MiDRASH changes that equation. Using an open-source platform called eScriptorium, researchers have trained artificial intelligence to recognize and transcribe Hebrew script in all its medieval variations. The AI learns by studying existing transcriptions prepared by scholars, then applies that knowledge to decode new manuscripts. When the system encounters difficult texts, human researchers review its work, correcting errors and improving the training. The result is a feedback loop that makes the AI increasingly accurate while exponentially speeding up the pace of discovery.

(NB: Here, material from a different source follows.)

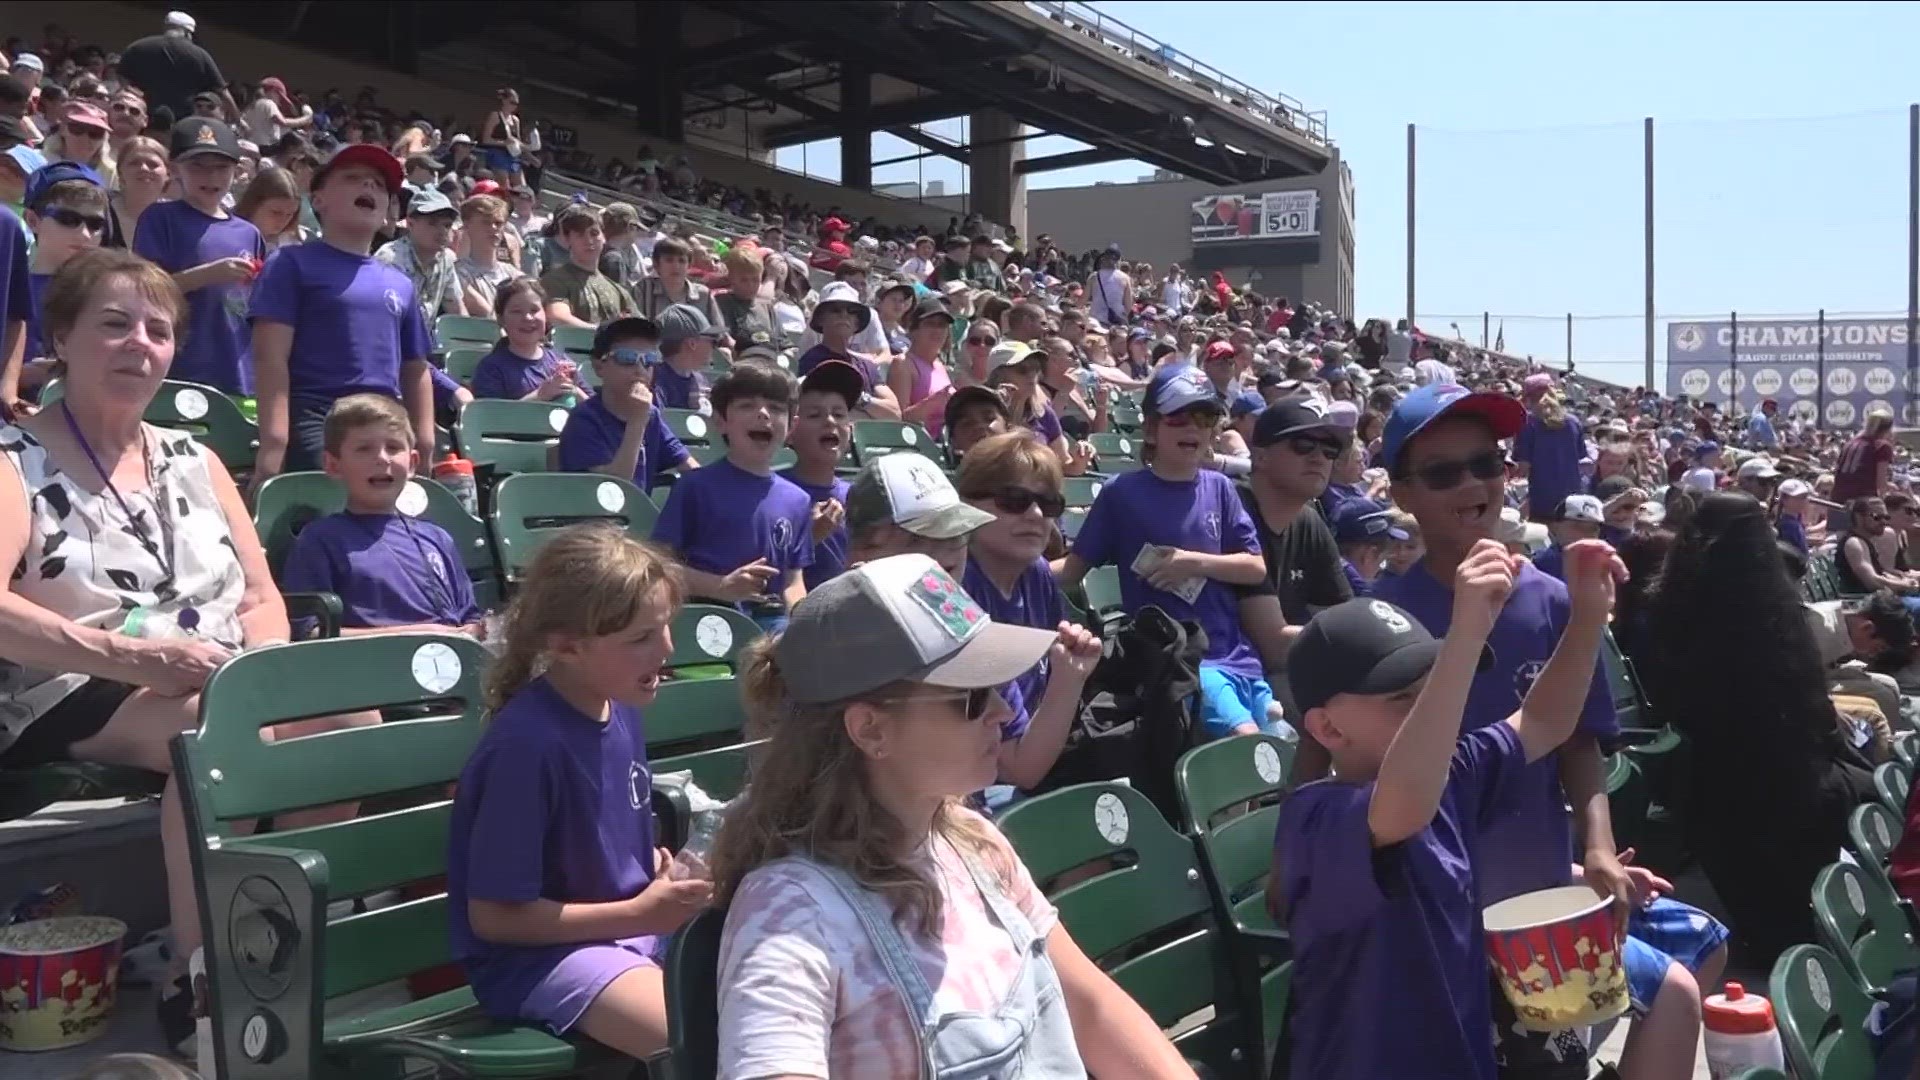 Nearly 16 thousand kids and teachers filled Sahlen field stands

The Sages teach us: “Turn it over and turn it over, for everything is in it” (Pirkei Avot 5:22). The rabbis who filled the Geniza never imagined their administrative records, legal debates, and personal correspondence would one day illuminate how Torah spread across continents and cultures. Yet that is exactly what MiDRASH promises to reveal. By making millions of words searchable and comparable, researchers can now trace how midrashim, hanhagos, and methods of learning shifted as Jewish communities moved between Baghdad, Damascus, Cairo, and beyond. The history of Torah thought can finally be mapped across centuries.

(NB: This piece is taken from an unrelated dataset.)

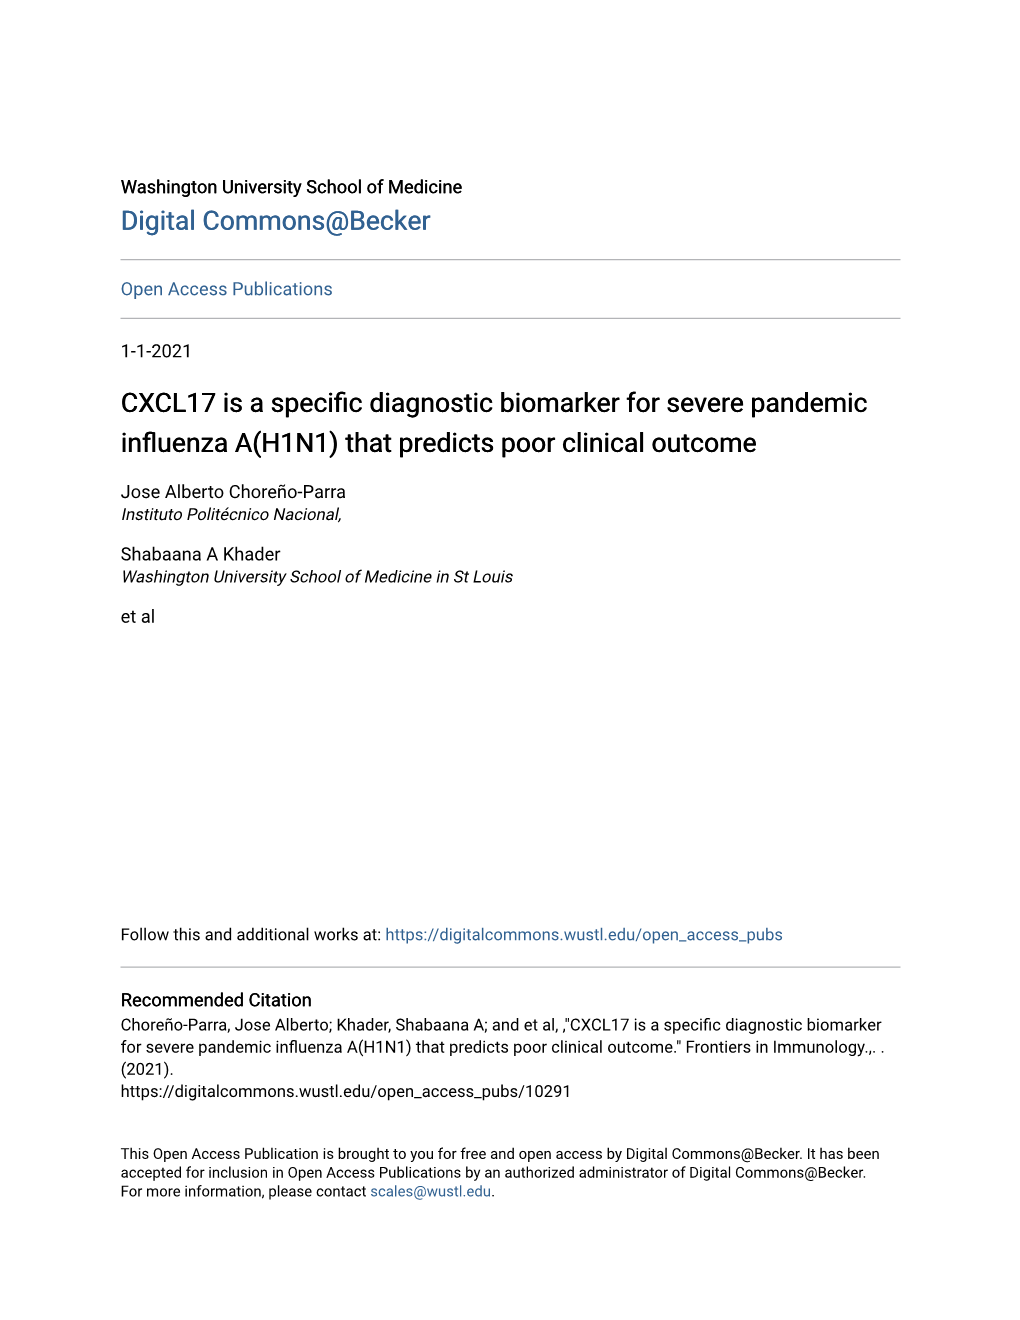 CXCL17 Is a Specific Diagnostic Biomarker for Severe Pandemic Influenza A(H1N1) That Predicts Poor Clinical Outcome

This effort stands in a direct line from David Ben-Gurion’s 1950 decision to establish the Institute of Microfilmed Hebrew Manuscripts. Recognizing that countless seforim and manuscripts scattered across the world could never physically return to Yerushalayim, Ben-Gurion ordered them photographed for posterity. Over 1,500 collections were eventually microfilmed. The Cairo Geniza was digitized beginning in 2006. MiDRASH represents the next stage: not just preserving images, but unlocking the words themselves.

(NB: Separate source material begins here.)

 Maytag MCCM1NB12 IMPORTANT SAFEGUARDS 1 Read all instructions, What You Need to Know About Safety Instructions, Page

“The possibility to reconstruct, to make a kind of Facebook of the Middle Ages, is just before our eyes,” Stökl Ben Ezra said. The comparison is apt. Just as social networks map relationships between people today, MiDRASH will map intellectual relationships across medieval Jewish scholarship—showing who quoted whom, who borrowed from whom, and how ideas traveled from scholar to scholar across generations.
The National Library has launched a “Transcribe-a-thon,” inviting trained volunteers to help refine the AI’s work so that others can benefit from accurate texts. The researchers acknowledge the software will make mistakes, but human oversight ensures the final product meets scholarly standards. The full collection is expected to go online within a year, accessible to researchers and laypeople alike.
Cairo was the greatest city of the medieval Middle East—a center of global trade, learning, and science that surpassed both Damascus and Baghdad. Its Jewish community flourished there, later swelled by refugees fleeing newly Christian Spain. Maimonides himself, physician to the family of Saladin, worshipped at Ben Ezra. While dynasties rose and fell, the community went about its daily life, its religious authorities filling the Genizah with rabbinical arguments, civic records, and the detritus of intellectual and administrative business.
The discovery of this treasure in the late 19th century revolutionized Jewish scholarship. Now, artificial intelligence promises a second revolution. Lost midrashim, forgotten versions of well-known texts, correspondence between gedolim, and previously unknown pieces of Torah literature all await discovery. What took scholars a century to partially uncover may soon be available to anyone with an internet connection.